Eu acho que aquela decisão da Segunda Turma que fez implodir a Operação Lava Jato foi uma das mais infelizes da história do tribunal.
O sr. se refere à decisão sobre a parcialidade do ex-juiz Sergio Moro nos processos do ex-presidente Lula?
Exato. O tribunal parece não ter avaliado as consequências daquilo que estava fazendo. Há quase dois anos, eu ponderei que, se em qualquer uma das grandes democracias do mundo, nós invadirmos criminosamente a correspondência privada entre juízes e procuradores, entre juízes e advogados, entre psicólogos e clientes, entre cônjuges, enfim, em qualquer status da sociedade, e levarmos isso ao público, não há limites para o tamanho do estrago que isso poderia causar. É exatamente por isso que em todas as grandes democracias o papel do hacker, do criminoso que invade a correspondência privada alheia, é reprovável e é punido por lei.
Parece que só aqui, entre nós, resolveu-se fazer do criminoso que é hacker um herói nacional, porque em determinado momento ele atendia às conveniências de certa parte da sociedade política brasileira, porque em determinado momento o produto do hacker servia para tentar destruir um processo penal que foi levado a termo com a mais absoluta correição e com a bênção dos tribunais regionais e tribunais superiores, entre eles o Supremo Tribunal Federal. Essa decisão da Segunda Turma acabou por desautorizar decisões de turmas e do plenário dentro do próprio contexto da Lava Jato.
Antes dessa, houve outras decisões contra a Lava Jato e os órgãos de investigação.
Sim. Esse não foi o único dos erros acontecidos dentro do Supremo nos últimos anos, mas foi o mais deplorável, porque ali Sergio Moro foi julgado e condenado sem defesa, por maioria apertadíssima. Aliás, todos os erros que o Supremo cometeu ao longo da sua história foram em decisões tomadas por 6 a 5 ou, dentro das turmas, por 3 a 2. Felizmente, o Supremo quando corrige mais tarde seus próprios erros o faz quase sempre por unanimidade. E depois dessa calamidade que foi a decisão da Segunda Turma, parece que a própria turma estava empenhada em que o plenário não pudesse rever aquilo. Como é que se pode tomar uma decisão tão grave como aquela, em que se condenou um magistrado à execração pública, não só à nulidade do que ele fez, sem direito de defesa, com a voz de apenas três pessoas na turma?
Quando e por que o Supremo deu essa guinada contra a Lava Jato?
Antes dessa decisão da Segunda Turma (refere-se à decisão que declarou Moro parcial), nada me pareceu caracterizar um ponto de inflexão.
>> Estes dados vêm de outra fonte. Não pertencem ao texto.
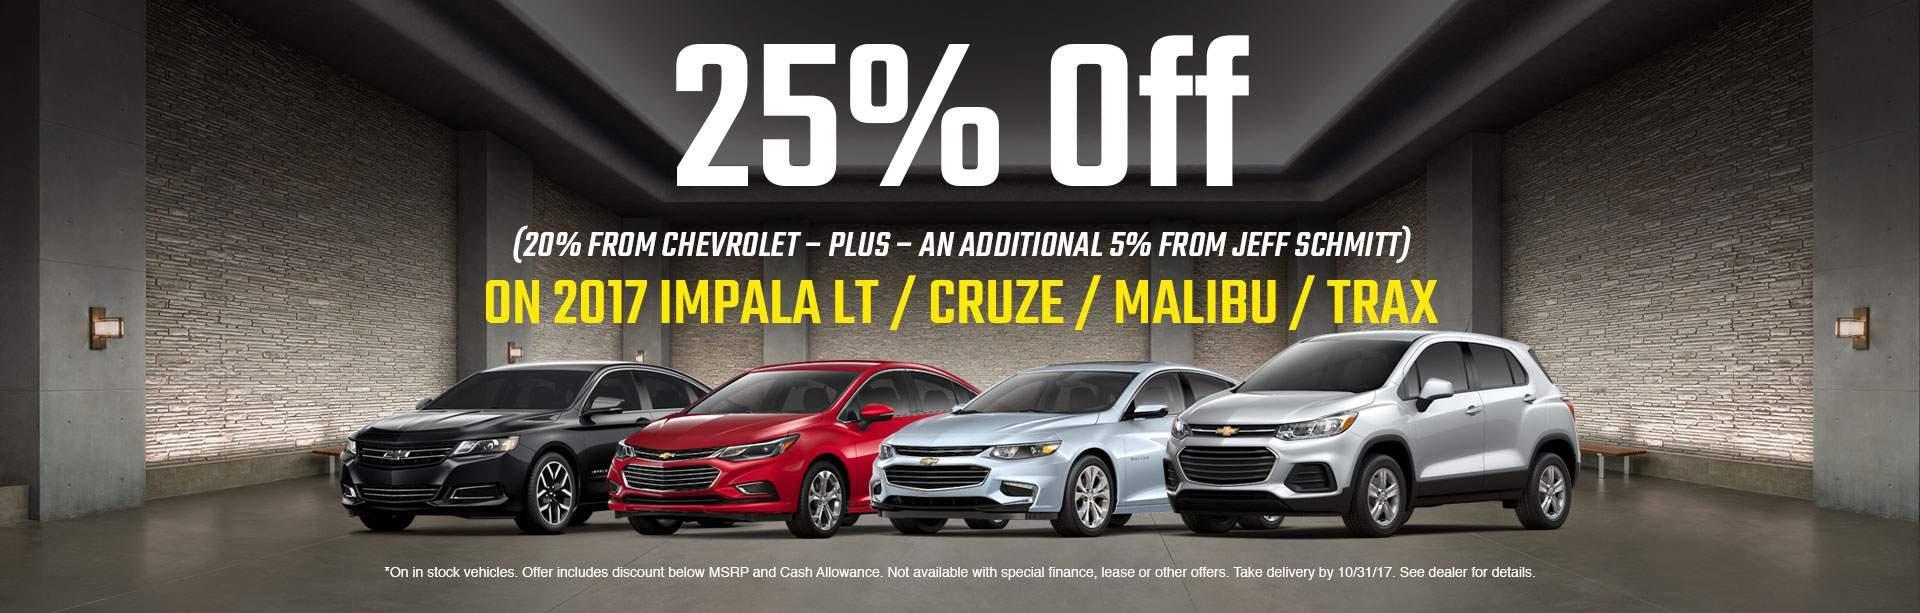 Chevrolet dealership dayton oh used cars jeff schmitt chevy east

Aquele, sim, foi o ponto de inflexão. Antes não era nada pessoal. Passou a ser naquele momento. Foi com essa decisão dos habeas corpus de Lula da Silva que as águas se dividiram, que começou a destruição da Operação Lava Jato. Me pareceu de uma transparência solar naquela sessão um ressentimento profundo contra o juiz Moro, contra o procurador (Deltan) Dallagnol. Esses dois personagens foram execrados sem direito de defesa em sessão onde a Segunda Turma julgava um habeas corpus em favor de Lula. Ou seja, não estava em julgamento o juiz ou o procurador da República, mas quem foi julgado ali foram o juiz Sergio Moro e o procurador Dallagnol. Por isso que eu digo: antes não era nada pessoal, depois desse dia a coisa foi desenganadamente personalizada. E eles não esconderam isso.
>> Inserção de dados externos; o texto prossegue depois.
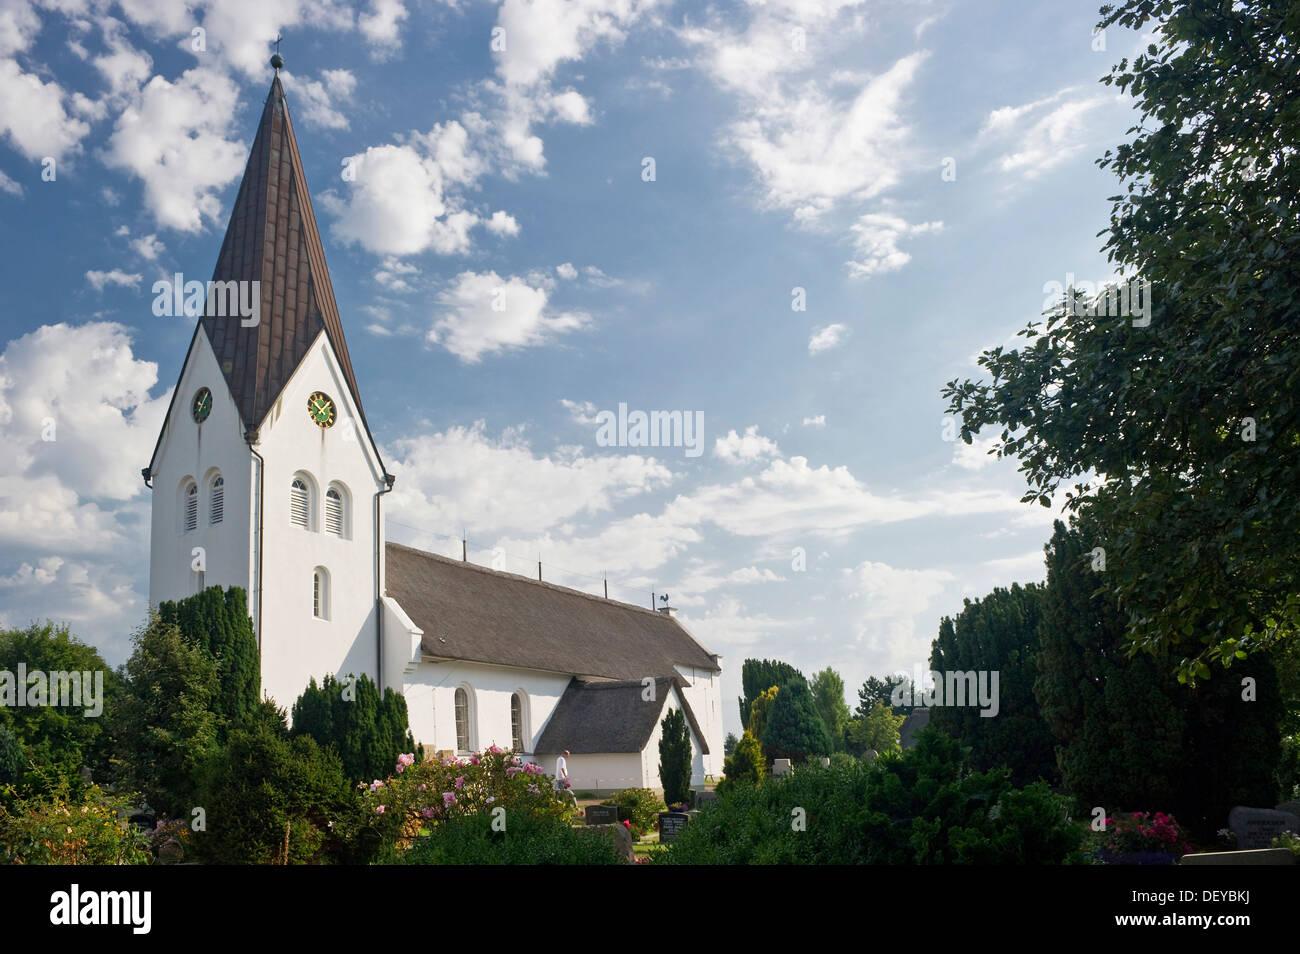 Church of St Clemens, Nebel, Amrum, North Frisian Islands, Schleswig-Holstein - Stock Image

Embora até hoje o Supremo não tenha decidido sobre a validade das mensagens hackeadas como prova, os ministros Gilmar Mendes e Ricardo Lewandowski as utilizaram no julgamento da parcialidade de Moro como “reforço argumentativo”. Qual sua opinião sobre isso?
Independentemente daquilo que a lei abona e daquilo que ela proíbe na dinâmica das provas, acho que não é eticamente indefensável você admitir a prova hackeada em favor de um réu em processo penal. A prova é ilícita, mas demonstra que fulano de tal, acusado de determinado crime, é inocente. Não foi nada disso que aconteceu nesse caso. A prova hackeada não dizia nada sobre culpa ou inocência de Lula. A prova hackeada dizia que houve apenas uma comunicação entre juiz e procurador que, para a maioria dos membros da Segunda Turma, pareceu uma maneira incorreta de proceder. Ou seja, a prova hackeada não foi utilizada para defender nenhum réu, foi usada para fazer do juiz e do procurador réus, que ali se julgavam e condenavam sem defesa. Isso me parece impalatável dentro do Estado de Direito. Insisto: nada que o hacker jogou na mesa do Supremo demonstrava a inocência de nenhum réu, Lula ou qualquer outro, apenas demonstrava que houve comunicações entre juiz e procurador que a turma decidiu considerar obscenas. E por conta disso salvam a cara do réu e transformam em réus o juiz e o procurador, que são imediatamente condenados.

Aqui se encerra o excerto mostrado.